_Source material_

Content starts

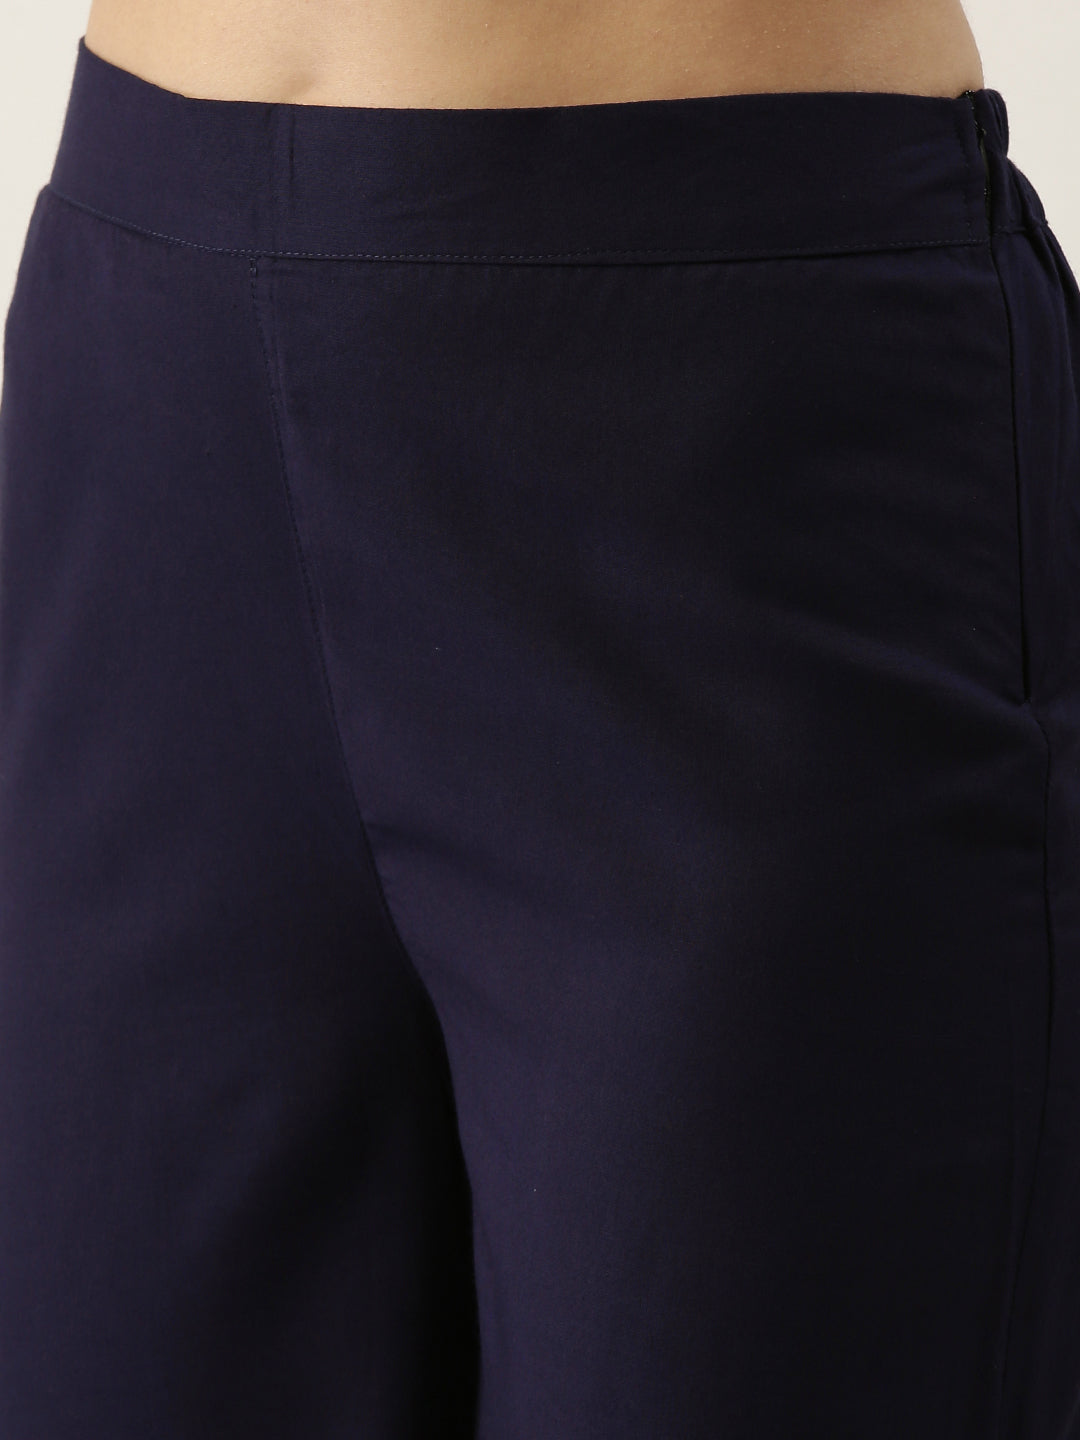 Navy Blue Crop Top Pants Set With Multi Organza Print Cape
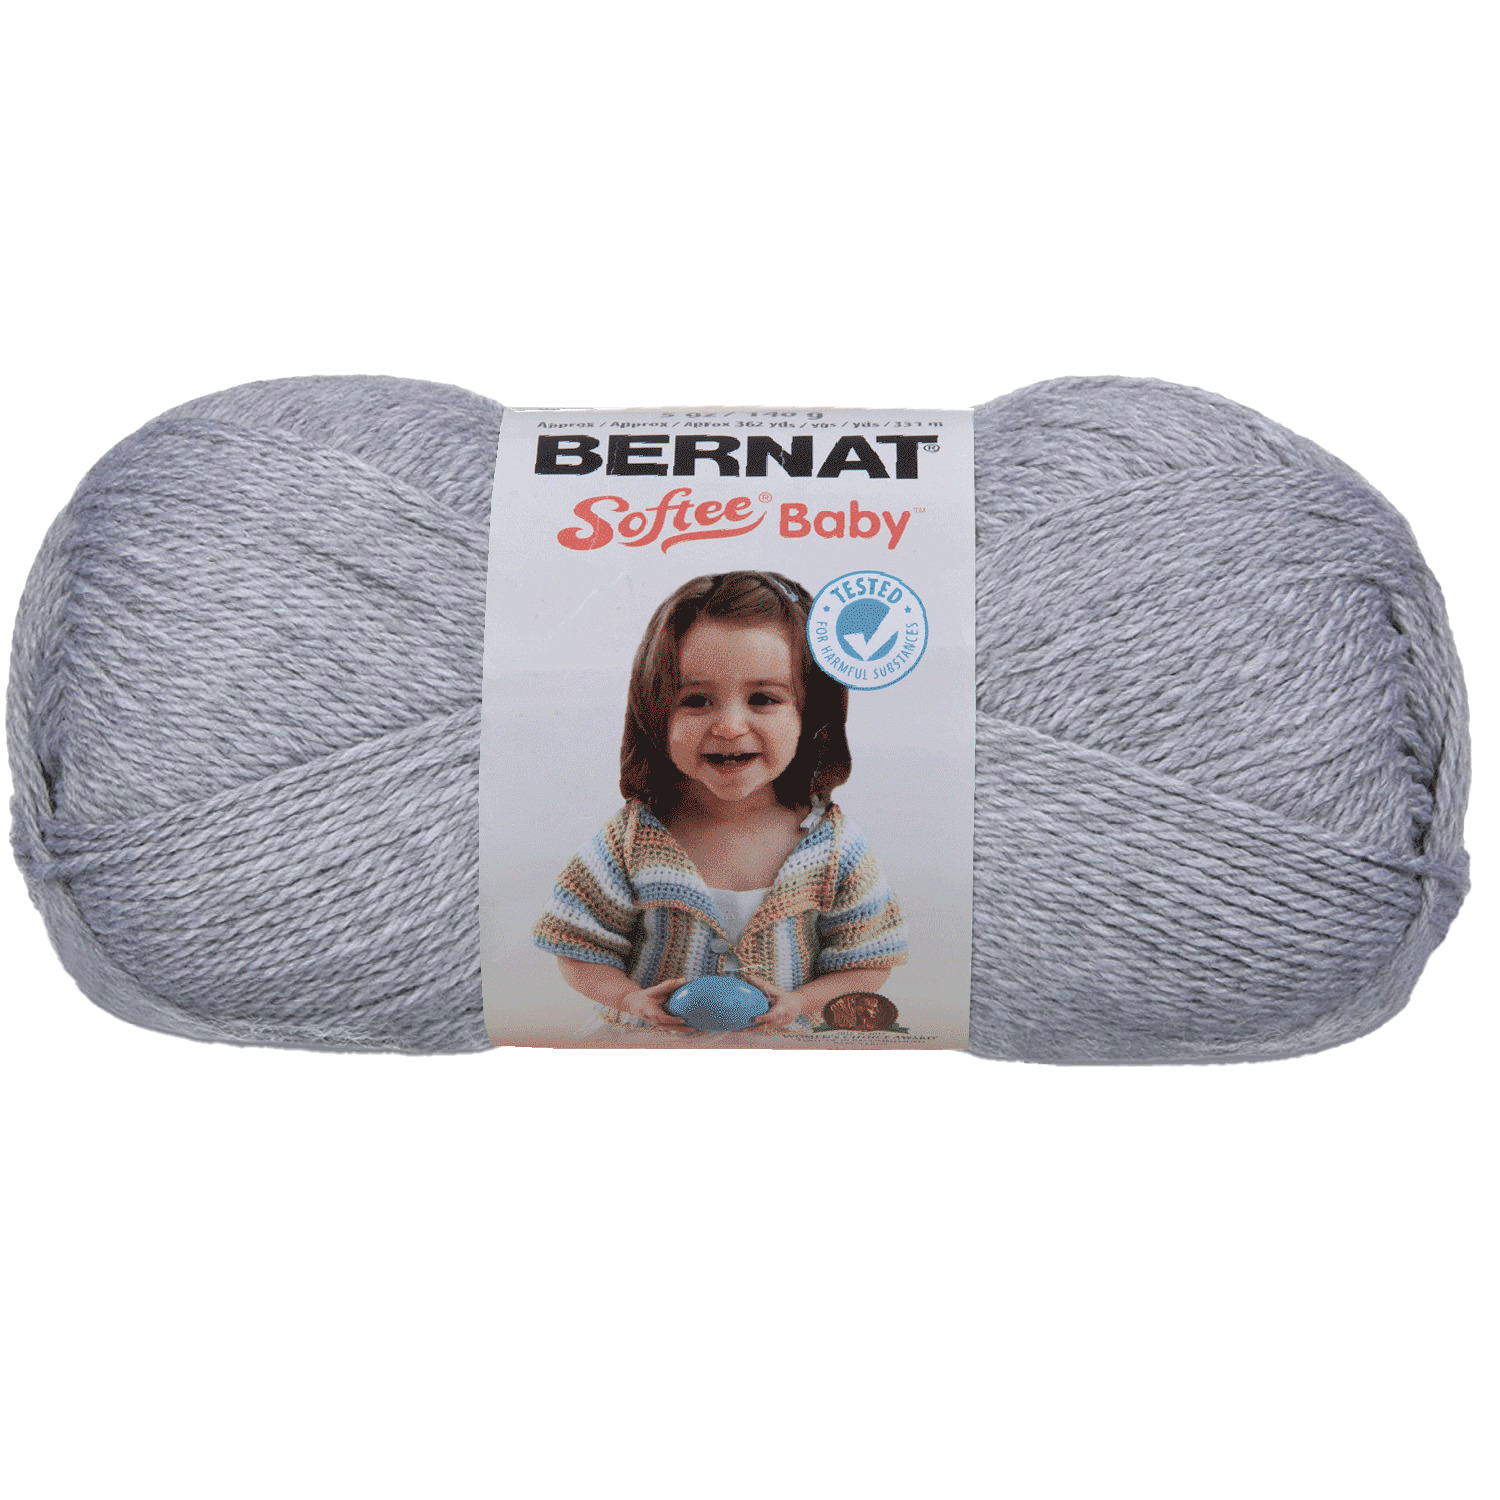 Bernat Softee Baby - Acrylic Baby Yarn, grey flannel yarn
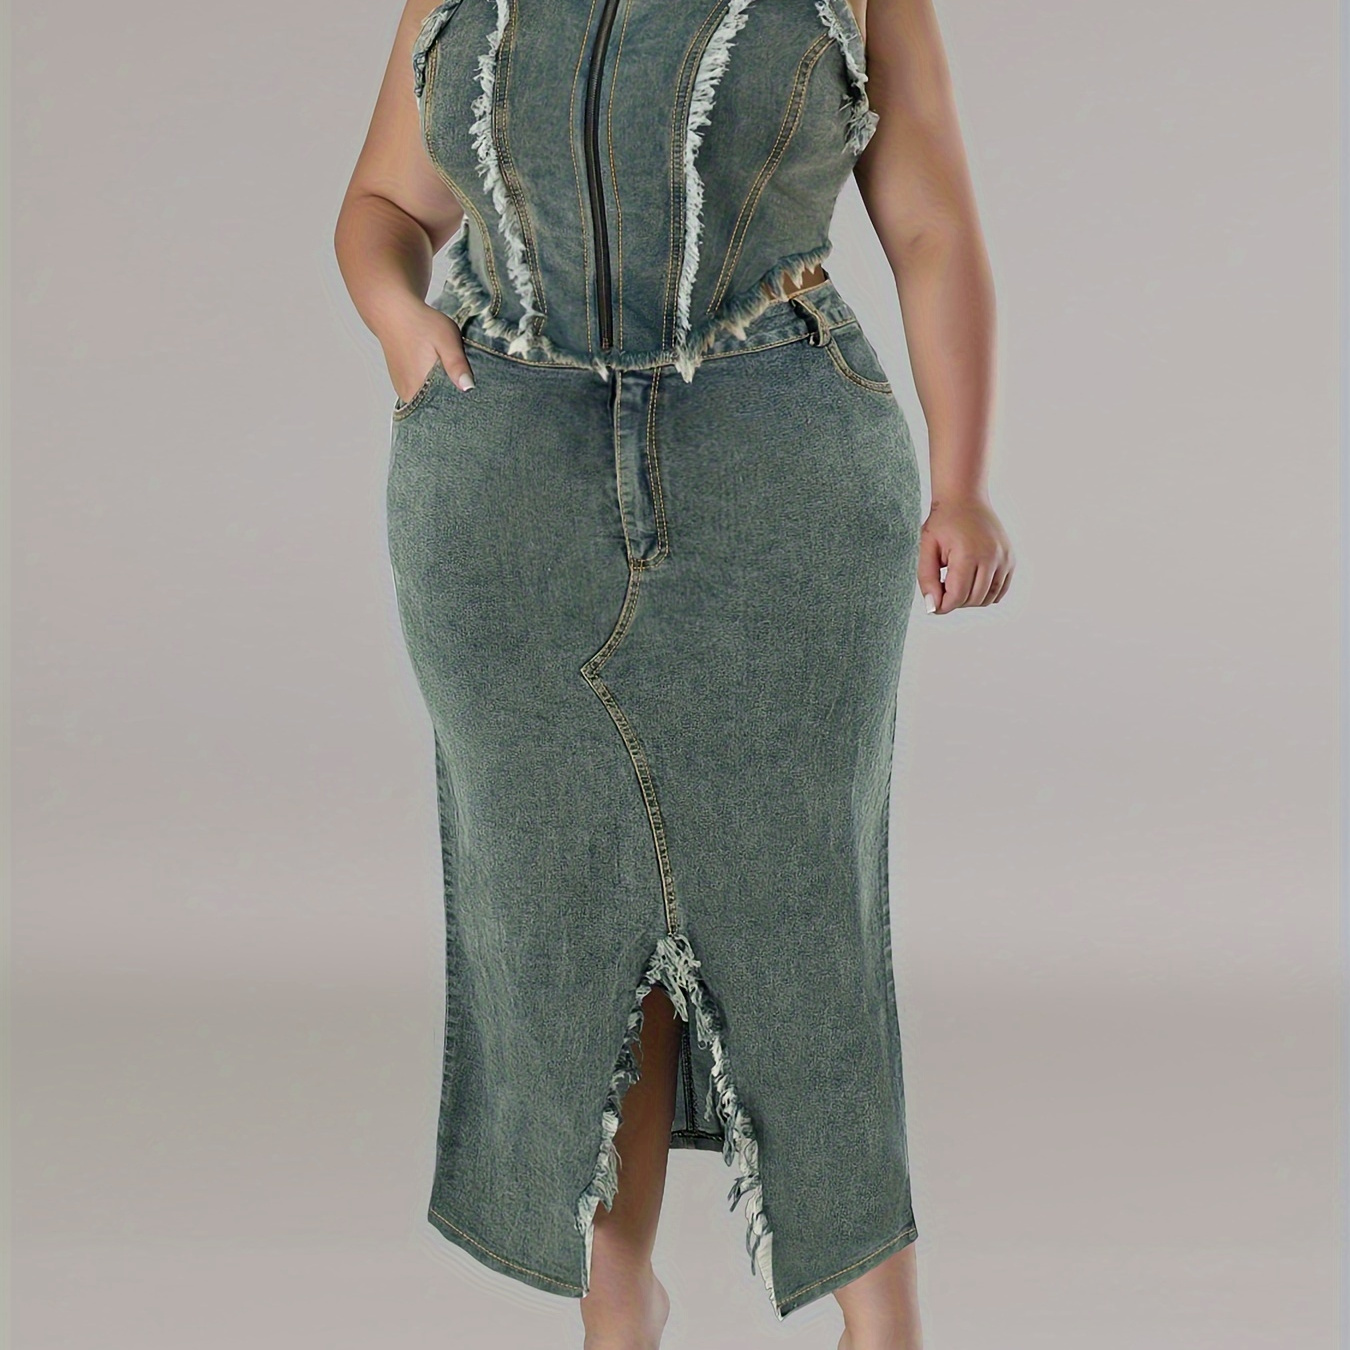 

Women's Plus Size Denim Top & Skirt Set, Casual Sleeveless Jean Dress With Frayed Hem Detail, Zippertrendy Streetwear For Full-figured Fashion

Content ends

_Task objective_
Every line of the material above should be repeated exactly, except for the pictures.

_Result below_
 Navy Blue Crop Top Pants Set With Multi Organza Print Cape
 Bernat Softee Baby - Acrylic Baby Yarn, grey flannel yarn

Women's Plus Size Denim Top & Skirt Set, Casual Sleeveless Jean Dress With Frayed Hem Detail, Zippertrendy Streetwear For Full-figured Fashion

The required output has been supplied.